Assignment: From the first line to the last, copy the listing exactly and omit the pictures.

Available data:
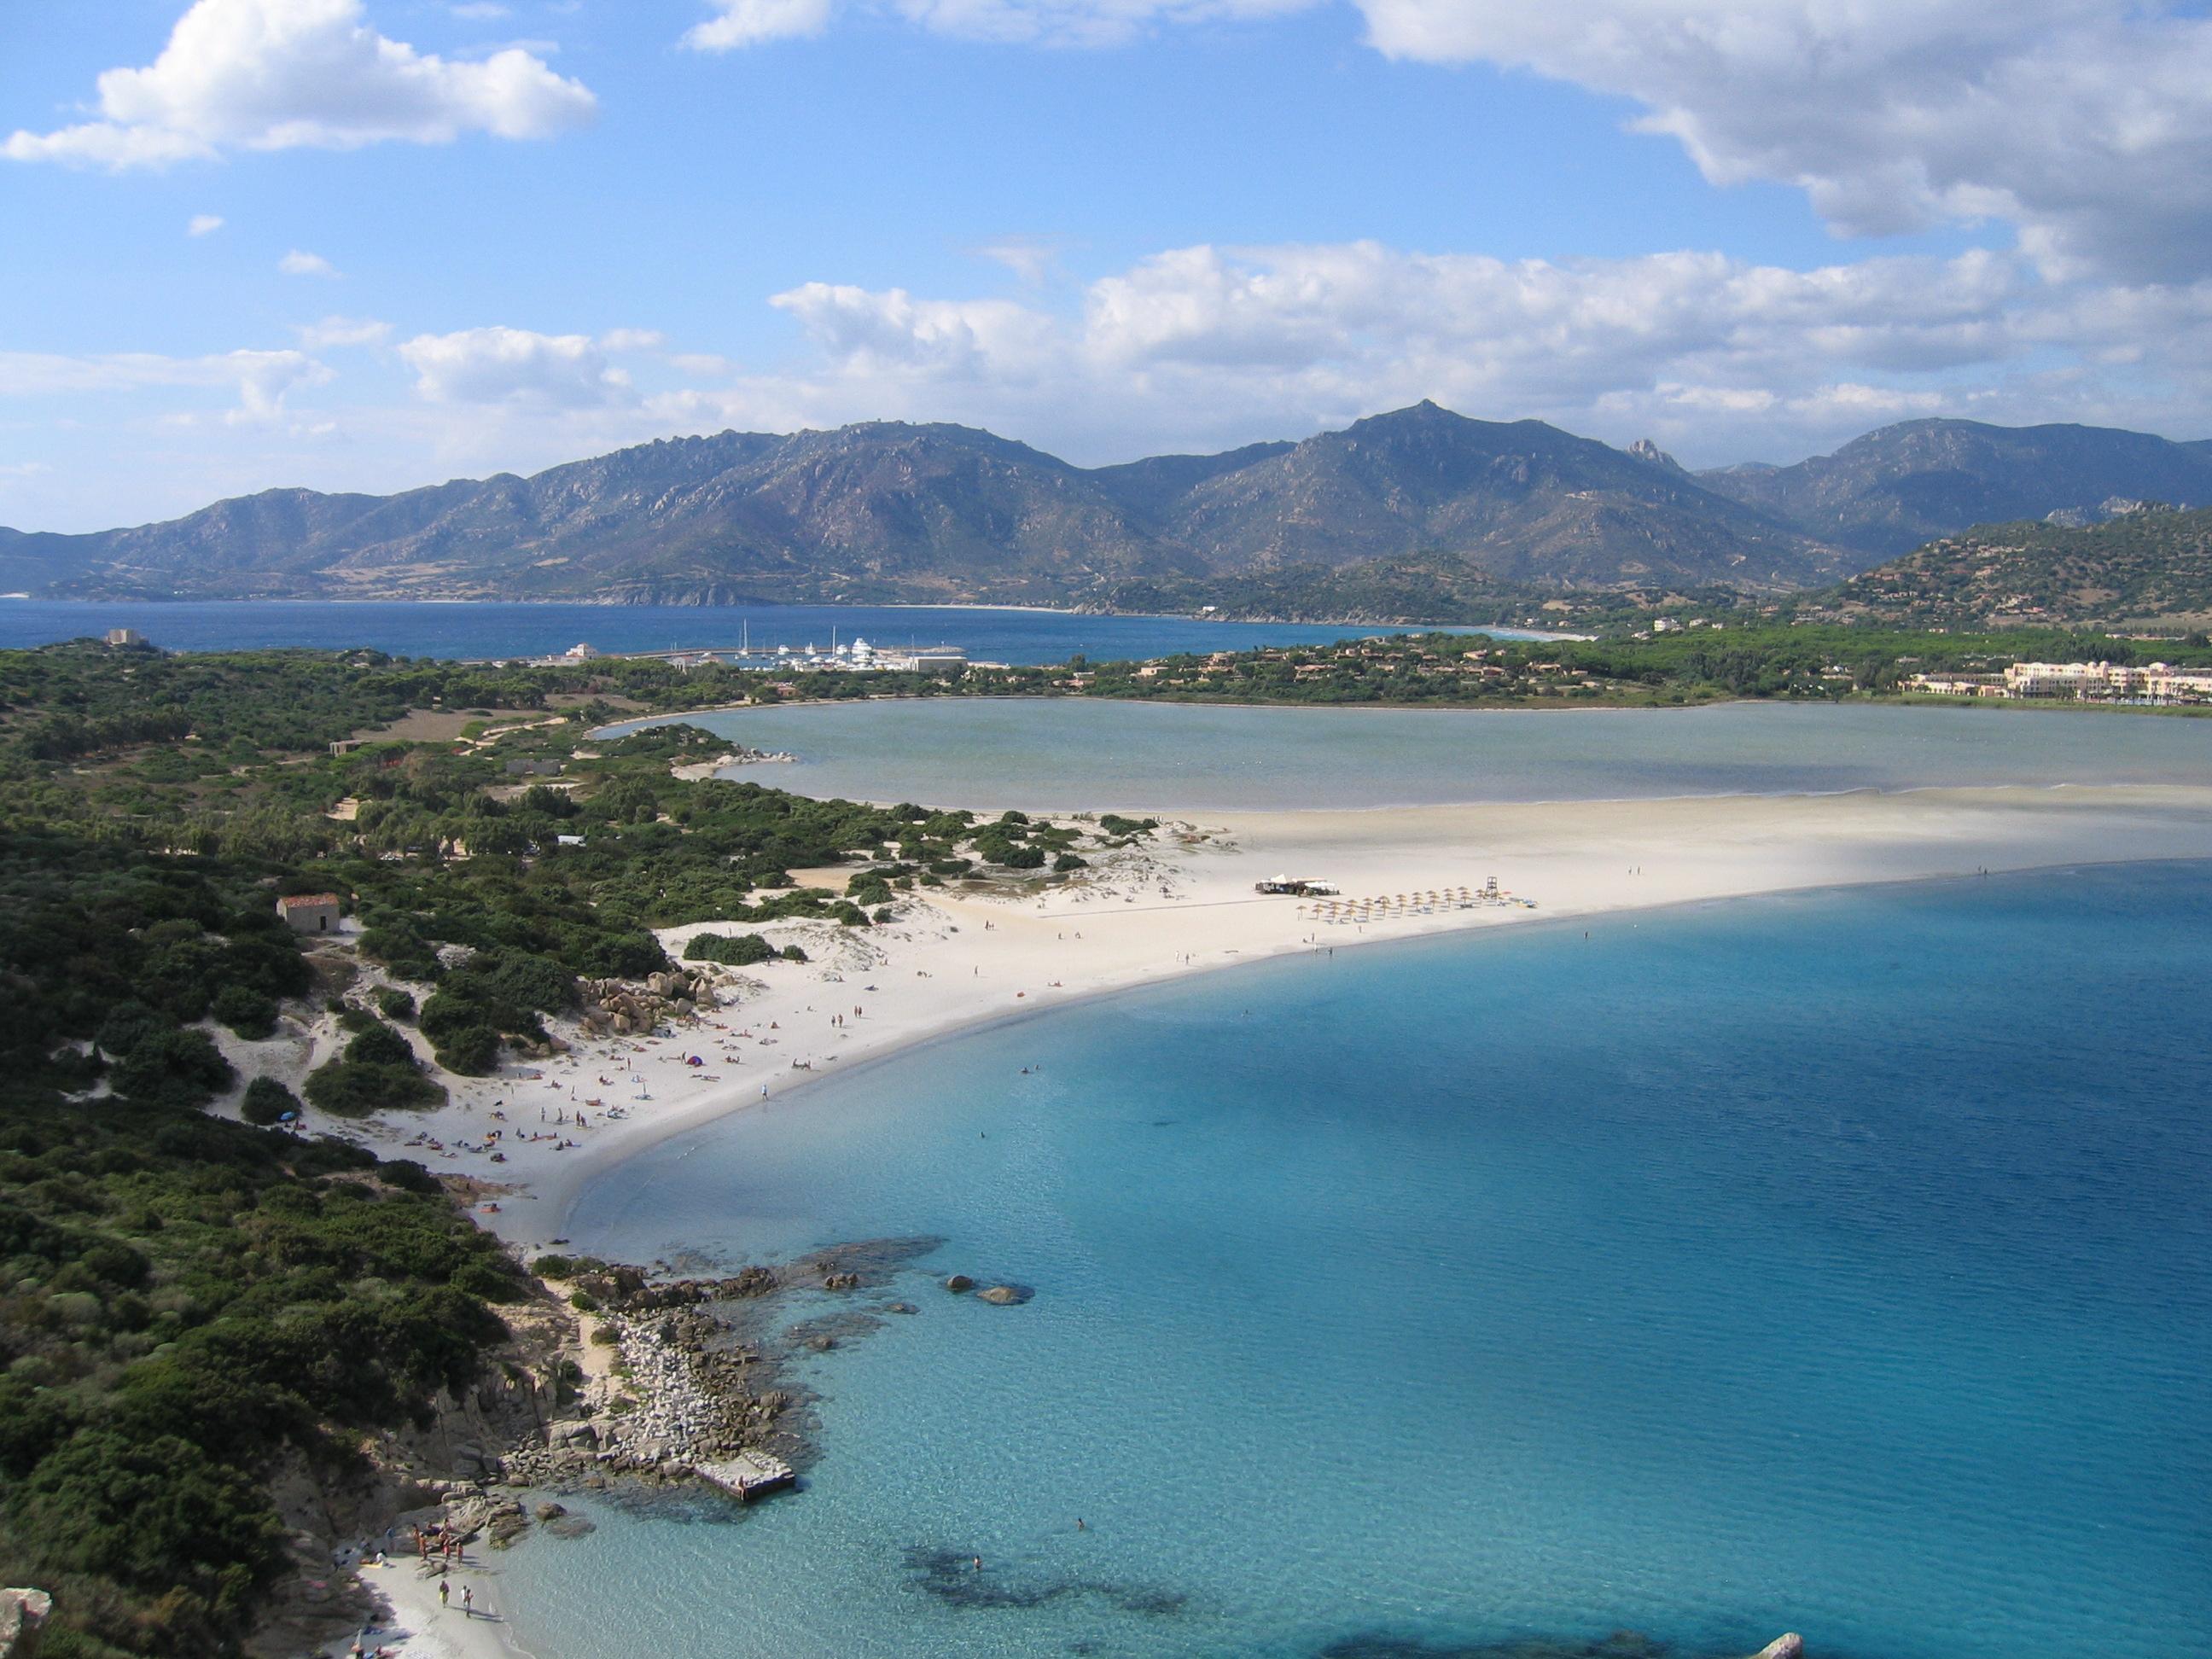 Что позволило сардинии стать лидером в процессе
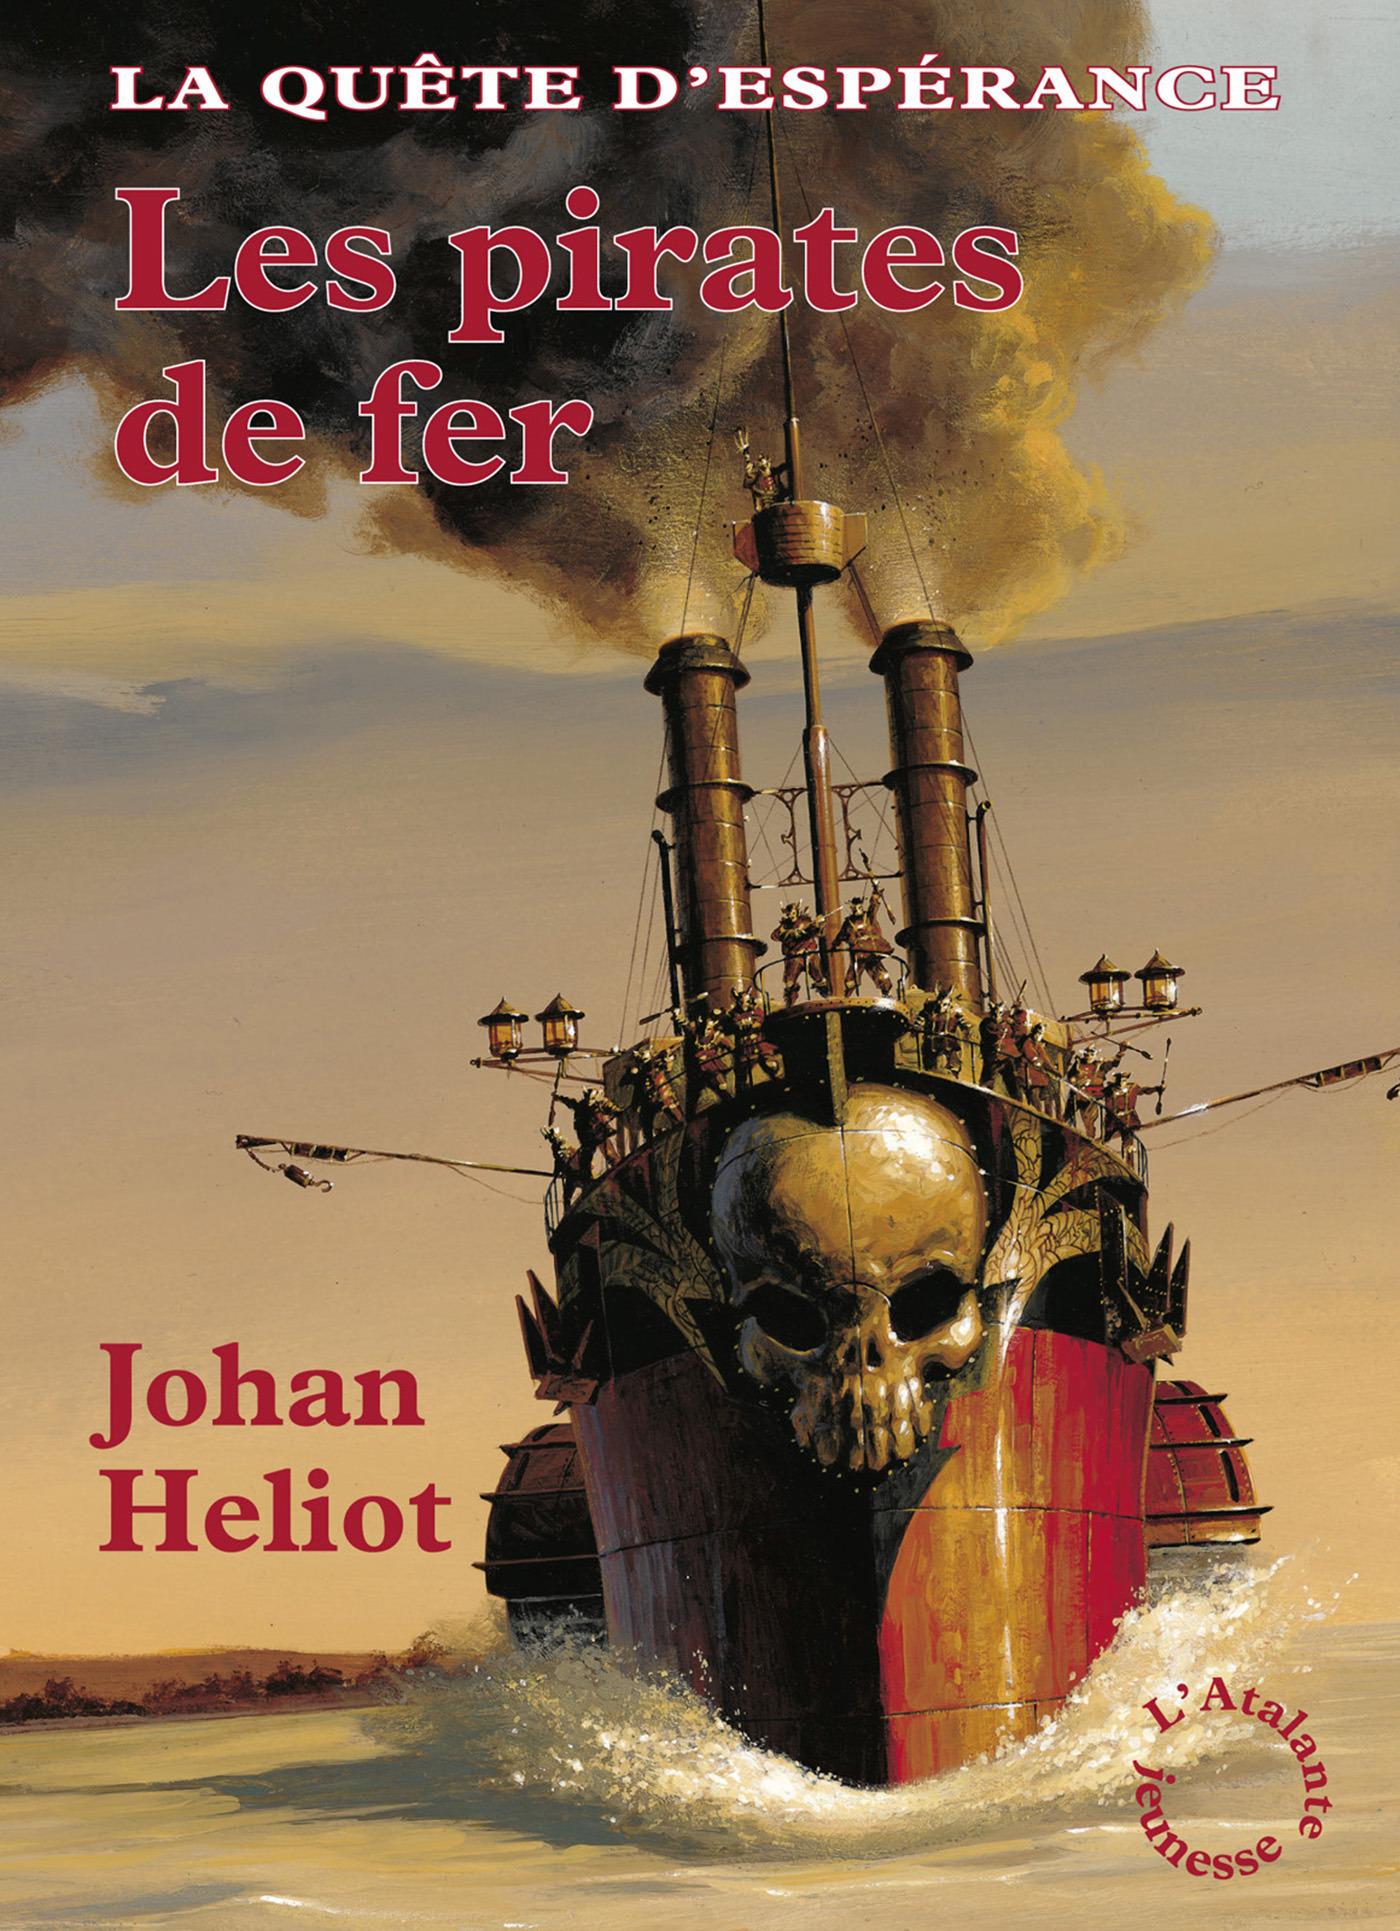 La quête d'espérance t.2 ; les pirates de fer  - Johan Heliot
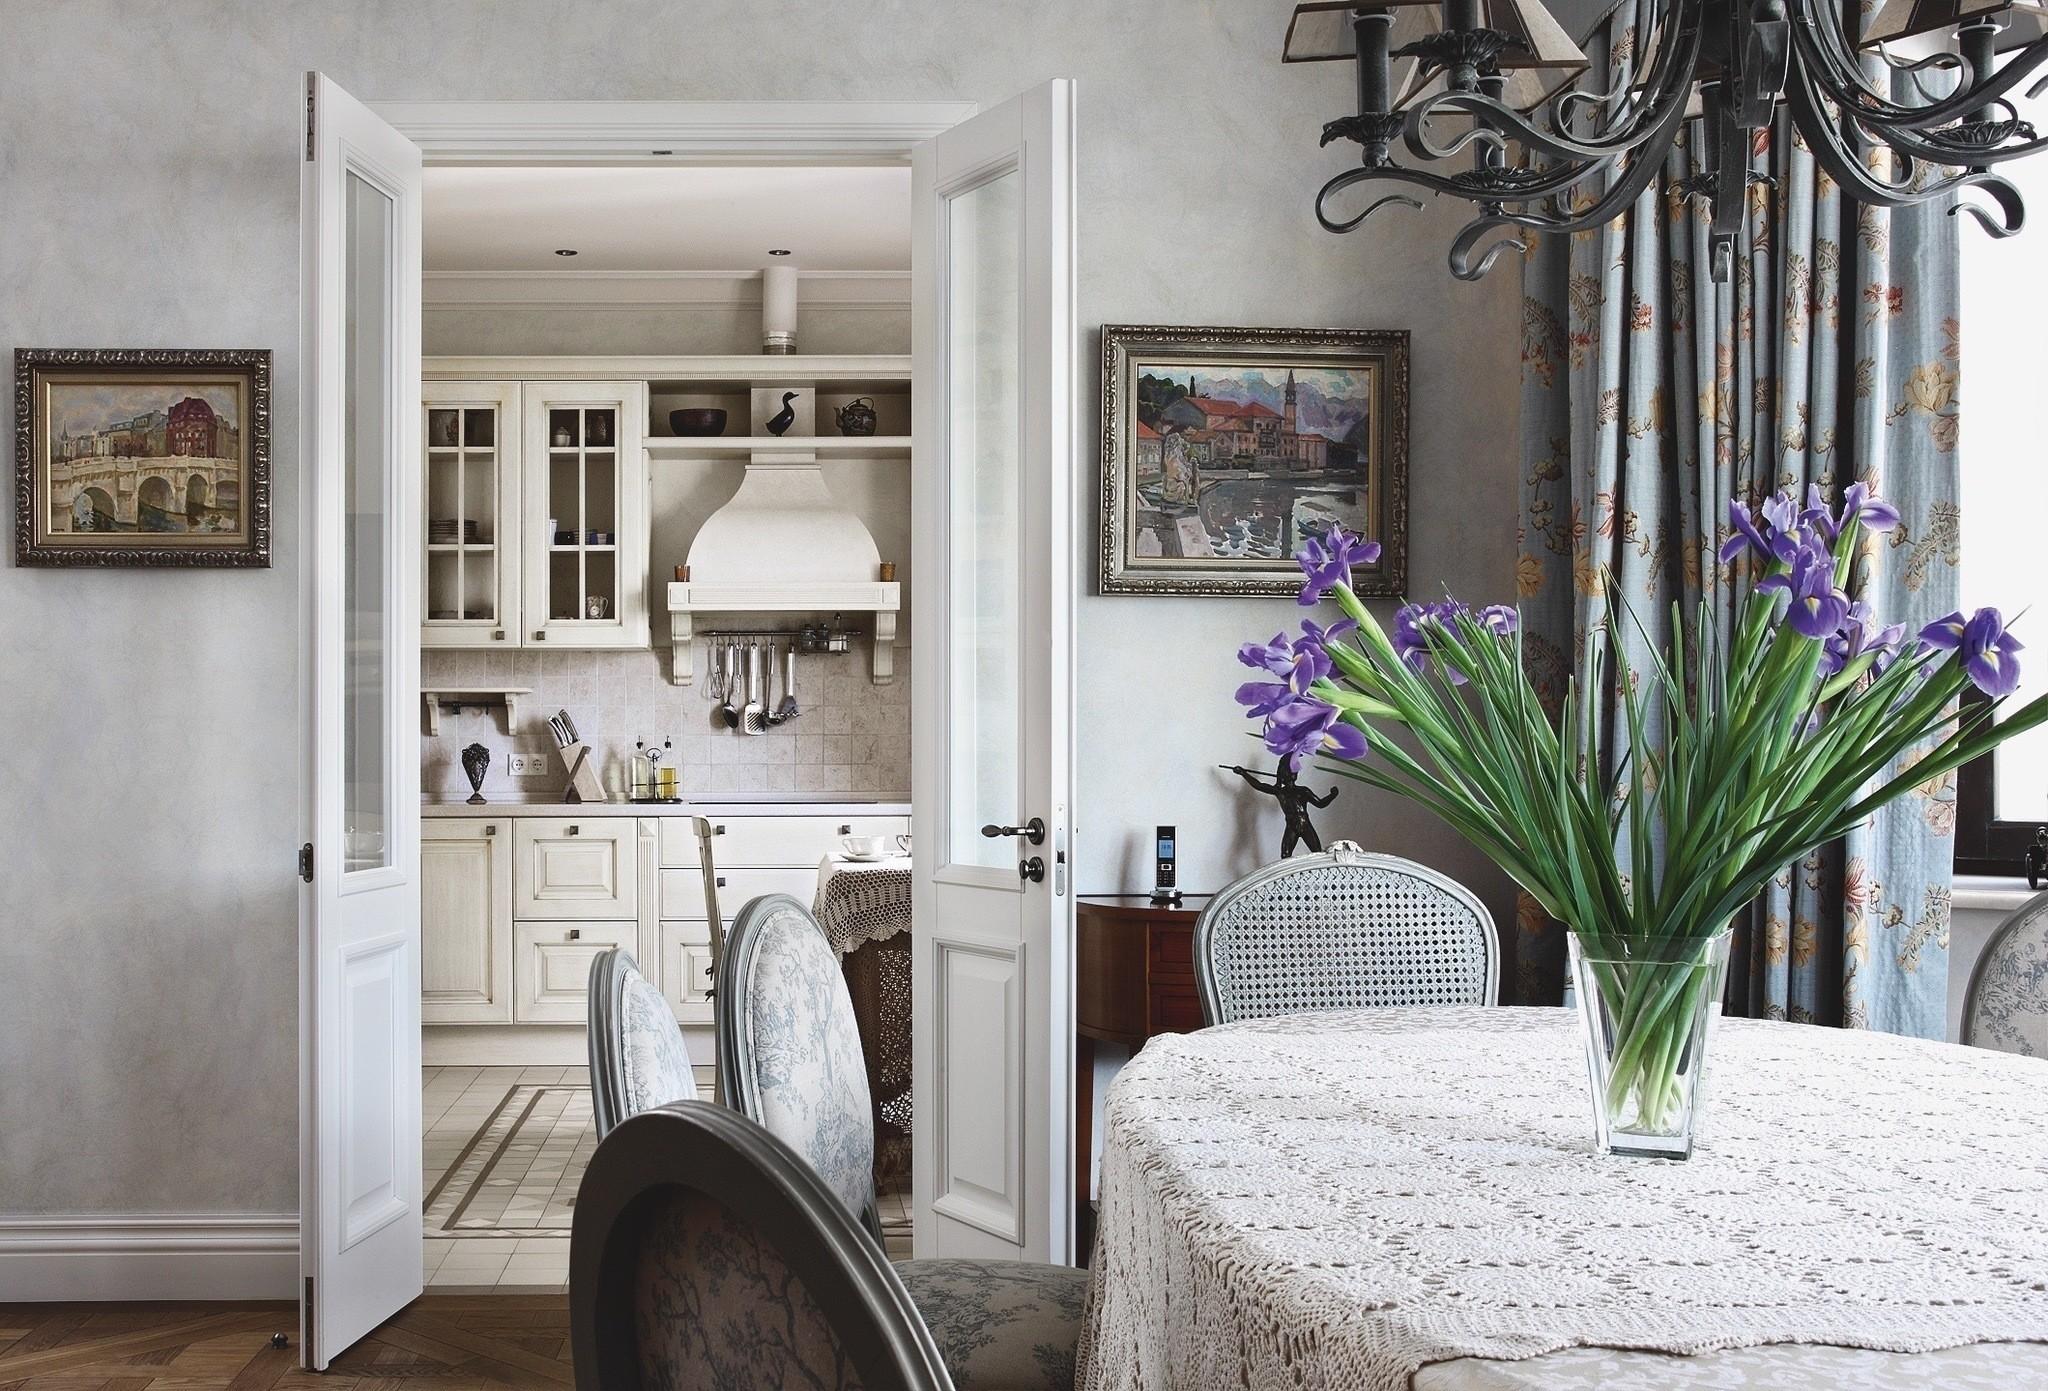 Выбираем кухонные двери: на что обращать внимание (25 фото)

Solved problem:
 Что позволило сардинии стать лидером в процессе
 La quête d'espérance t.2 ; les pirates de fer  - Johan Heliot
 Выбираем кухонные двери: на что обращать внимание (25 фото)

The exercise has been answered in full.